Pair	Dot Product	Cosine Similarity
big data science and big big big big data	5	0.7001
big data science and science big data	3	1

• 'big big big big data' has a large dot product with 'big data science' just because it has the word 'big' four times. But intuitively, 'big data science' and 'science big data' should be as similar as possible, since they're permutations of the same sentence.

• So, make sure to compute the cosine similarity – don't just use the dot product!

Note: Sometimes, you will see the cosine distance being used. It is the complement of cosine similarity:

$$\text{dist}(\vec{a}, \vec{b}) = 1 - \cos \theta$$

If $\text{dist}(\vec{a}, \vec{b})$ is small, the two word vectors are similar.

A recipe for computing similarities

Given a set of documents, to find the most similar text to one document $d$ in particular:

• Use the bag of words model to create a counts matrix, in which:
  • there is 1 row per document,
  • there is 1 column per unique word that is used across documents, and
  • the value in row doc and column word is the number of occurrences of word in doc.

• Compute the cosine similarity between $d$'s row vector and all other documents' row vectors.

• The other document with the greatest cosine similarity is the most similar, under the bag of words model.

Example: Global warming 🌎

Consider the following three documents.

sentences = pd.Series([
    'I really really want global peace',
    'I must enjoy global warming',
    'We must solve climate change'
])

sentences

0    I really really want global peace
1          I must enjoy global warming
2         We must solve climate change
dtype: object

Let's represent each document using the bag of words model.

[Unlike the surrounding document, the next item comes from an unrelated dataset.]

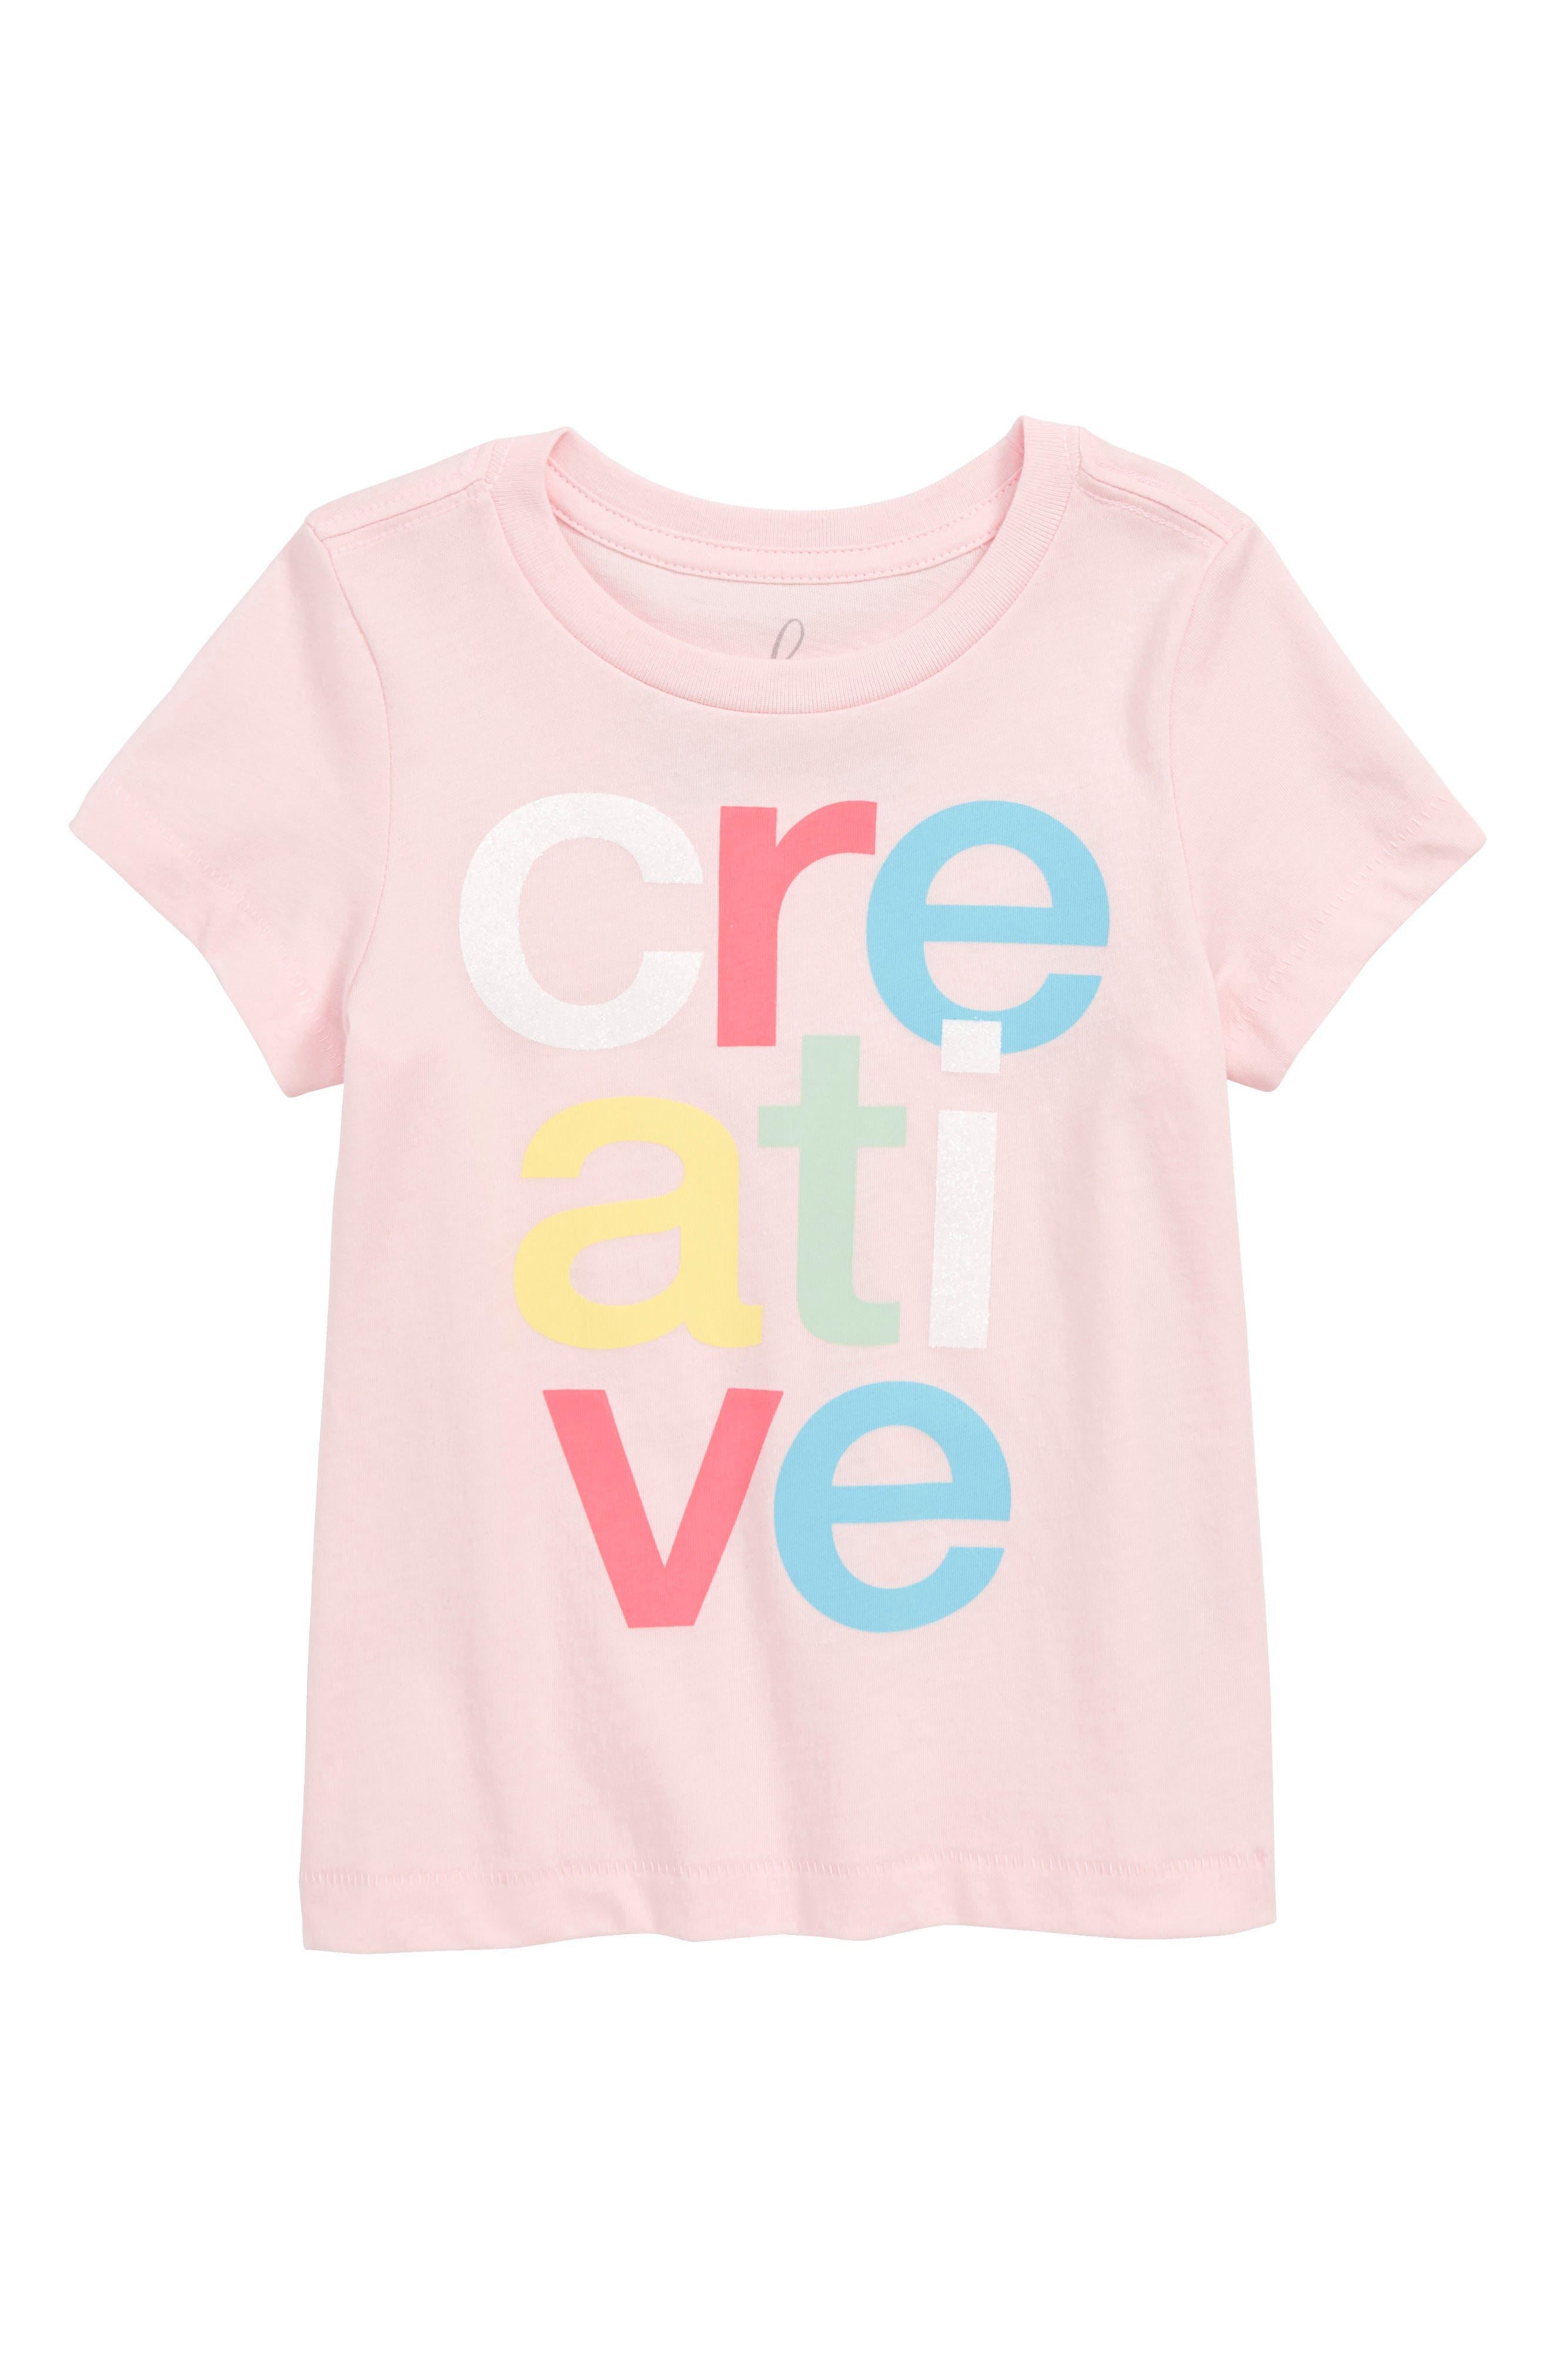 Creative Tee,                         Main,                         color, LIGHT PINK

unique_words = sentences.str.split().explode().value_counts()
unique_words

I          2
really     2
global     2
          ..
solve      1
climate    1
change     1
Name: count, Length: 12, dtype: int64

counts_dict = {}
for word in unique_words.index:
    re_pat = fr'\b{word}\b'
    counts_dict[word] = sentences.str.count(re_pat).astype(int).tolist()
    
counts_df = pd.DataFrame(counts_dict).set_index(sentences)

counts_df

	I	really	global	must	...	We	solve	climate	change
I really really want global peace	1	2	1	0	...	0	0	0	0
I must enjoy global warming	1	0	1	1	...	0	0	0	0
We must solve climate change	0	0	0	1	...	1	1	1	1

3 rows × 12 columns

Let's now find the cosine similarity between each document.

counts_df

	I	really	global	must	...	We	solve	climate	change
I really really want global peace	1	2	1	0	...	0	0	0	0
I must enjoy global warming	1	0	1	1	...	0	0	0	0
We must solve climate change	0	0	0	1	...	1	1	1	1

3 rows × 12 columns

def sim_pair(s1, s2):
    return np.dot(s1, s2) / (np.linalg.norm(s1) * np.linalg.norm(s2))

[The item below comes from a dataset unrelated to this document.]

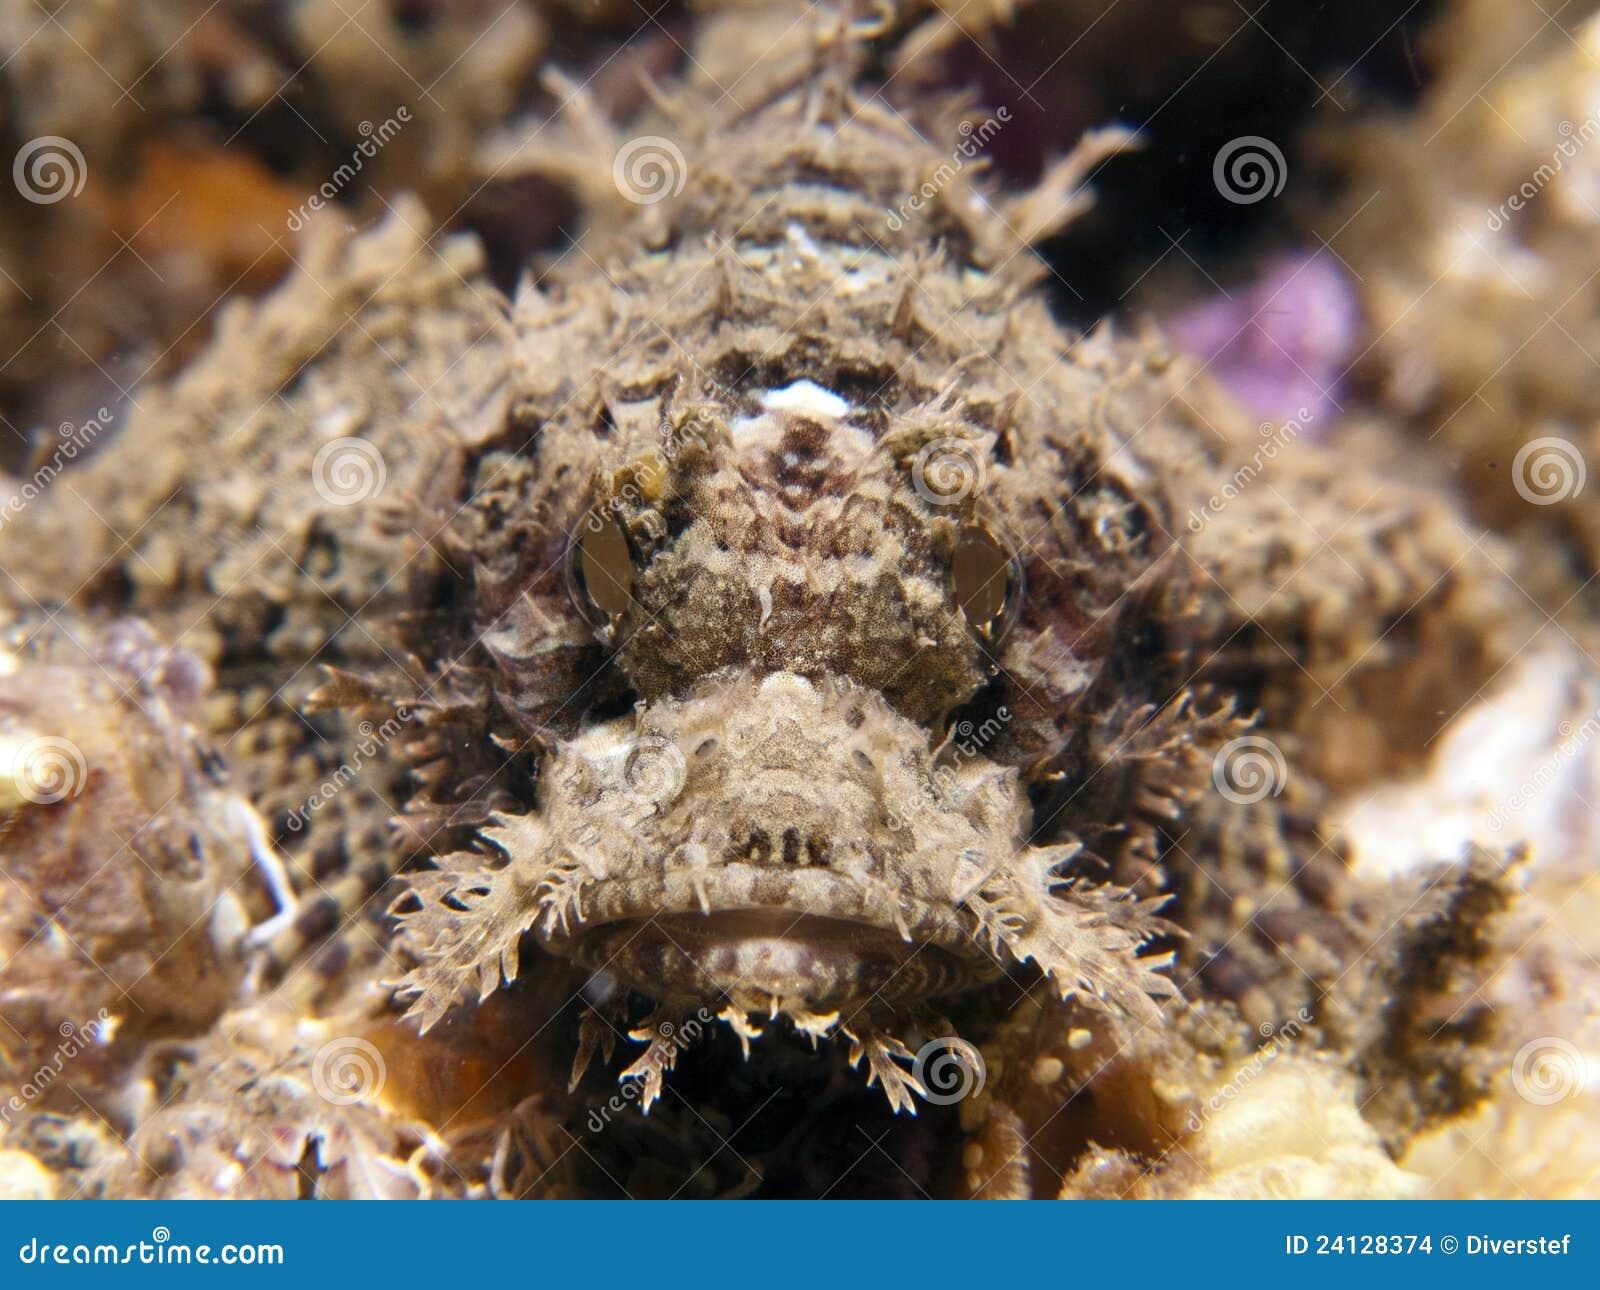 Raggy scorpaenopsis scorpianfish venosa

# Look at the documentation of the .corr method to see how this works!
counts_df.T.corr(sim_pair)

	I really really want global peace	I must enjoy global warming	We must solve climate change
I really really want global peace	1.00	0.32	0.0
I must enjoy global warming	0.32	1.00	0.2
We must solve climate change	0.00	0.20	1.0

Issue: Bag of words only encodes the words that each document uses, not their meanings.

• "I really really want global peace" and "We must solve climate change" have similar meanings, but have no shared words, and thus a low cosine similarity.
• "I really really want global peace" and "I must enjoy global warming" have very different meanings, but a relatively high cosine similarity.

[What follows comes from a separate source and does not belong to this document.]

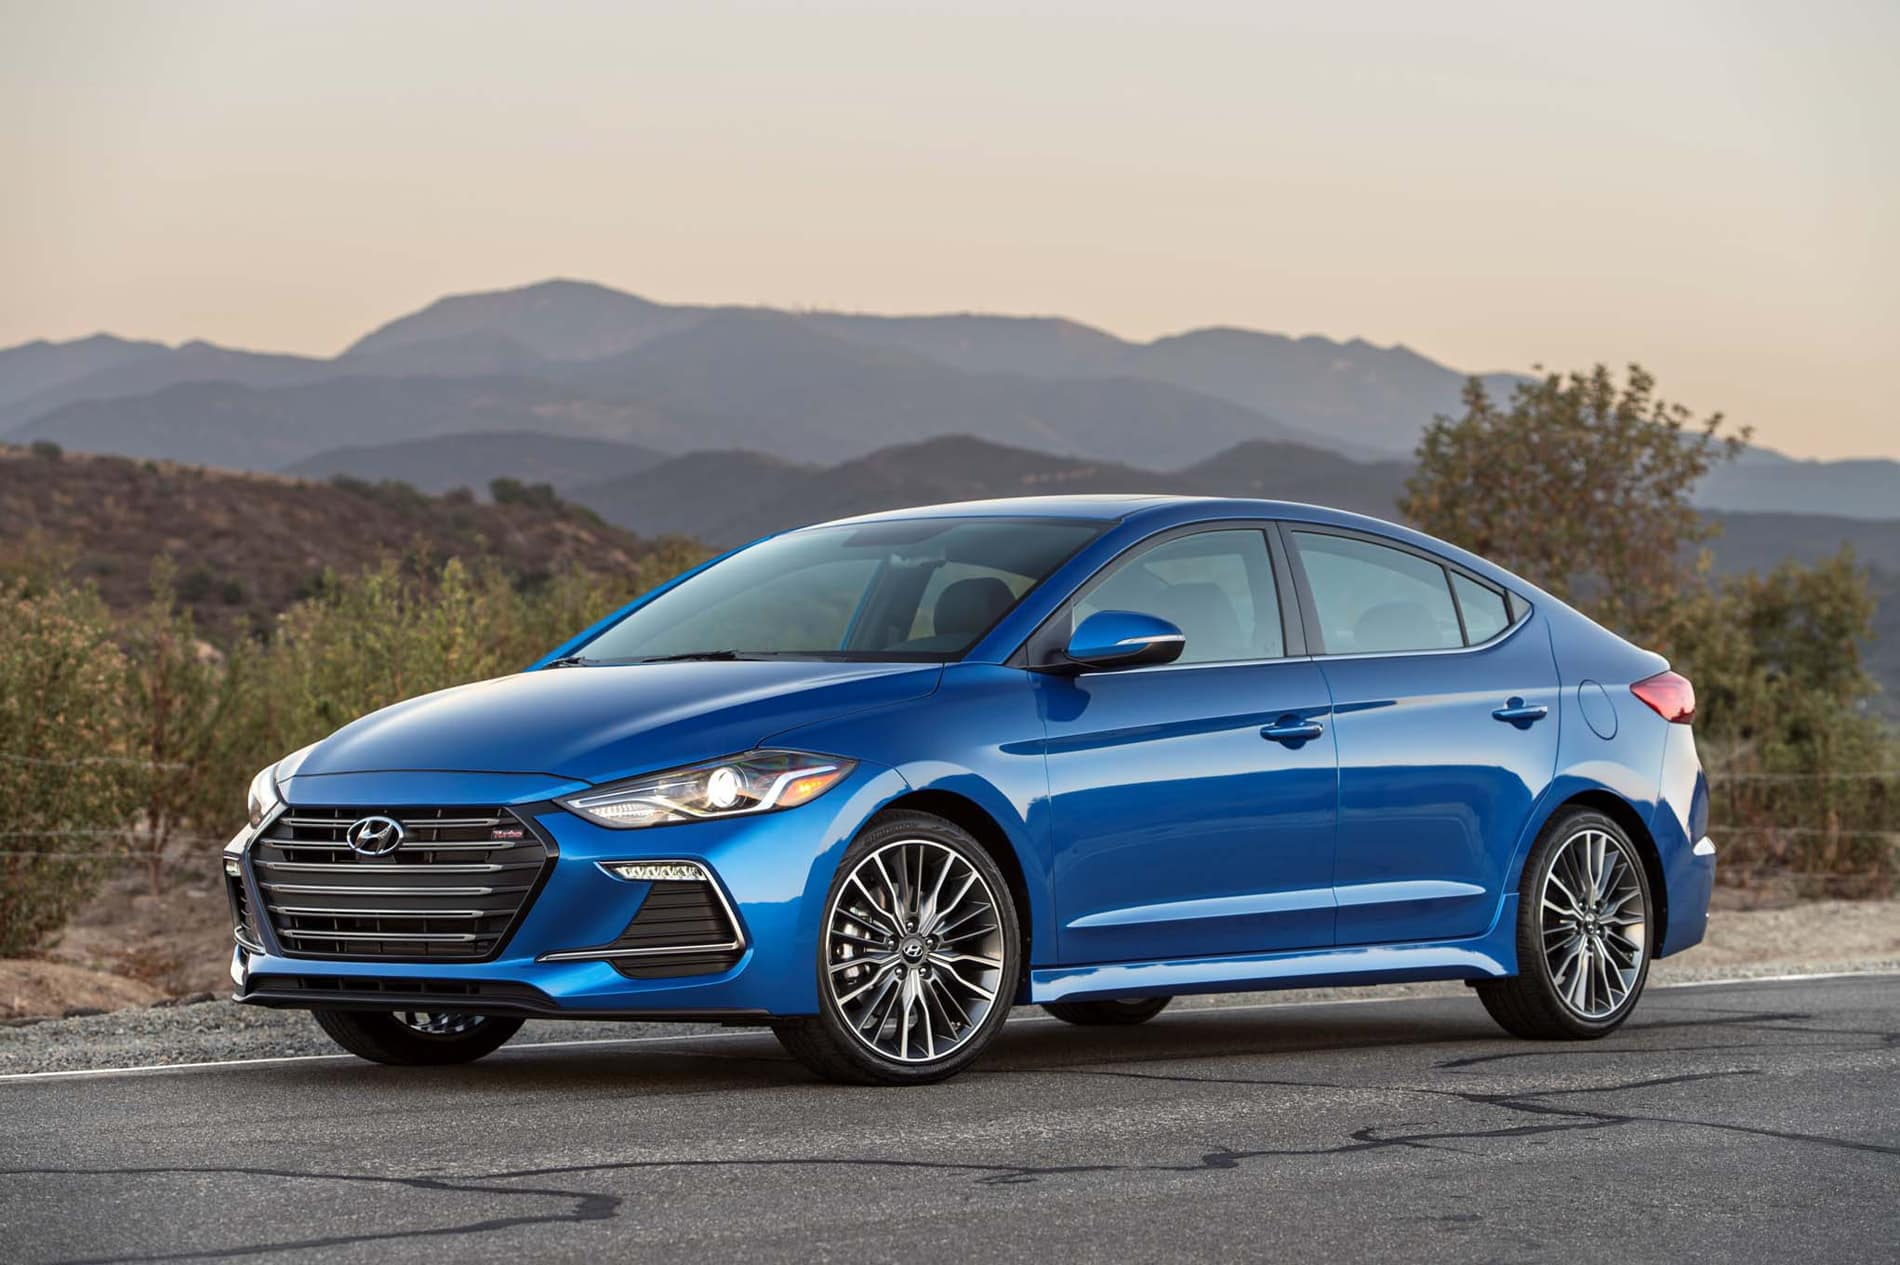 Best New Car For Teens 2017 Hyundai Elantra 2012 Fuel Filter

Pitfalls of the bag of words model

Remember, the key assumption underlying the bag of words model is that two documents are similar if they share many words in common.

• The bag of words model doesn't consider order.
  • The job titles 'deputy fire chief' and 'chief fire deputy' are treated as the same.

• The bag of words model doesn't consider the meaning of words.
  • 'I love data science' and 'I hate data science' share 75% of their words, but have very different meanings.

• The bag of words model treats all words as being equally important.
  • 'deputy' and 'fire' have the same importance, even though 'fire' is probably more important in describing someone's job title.
  • Let's address this point.

Question 🤔 (Answer at dsc80.com/q)

Code: bow

From the Fa23 final: Consider the following corpus:

Document number Content
1               yesterday rainy today sunny
2               yesterday sunny today sunny
3               today rainy yesterday today
4               yesterday yesterday today today

1. Using a bag-of-words representation, which two documents have the largest dot product?
2. Using a bag-of-words representation, what is the cosine similarity between documents 2 and 3?

TF-IDF

The importance of words

Issue: The bag of words model doesn't know which words are "important" in a document. Consider the following document:

"my brother has a friend named billy who has an uncle named billy"

How do we determine which words are important?

• The most common words ("the", "has") often don't have much meaning!
• The very rare words are also less important!

Goal: Find a way of quantifying the importance of a word in a document by balancing the above two factors, i.e. find the word that best summarizes a document.

Term frequency

• The term frequency of a word (term) $t$ in a document $d$, denoted $\text{tf}(t, d)$ is the proportion of words in document $d$ that are equal to $t$.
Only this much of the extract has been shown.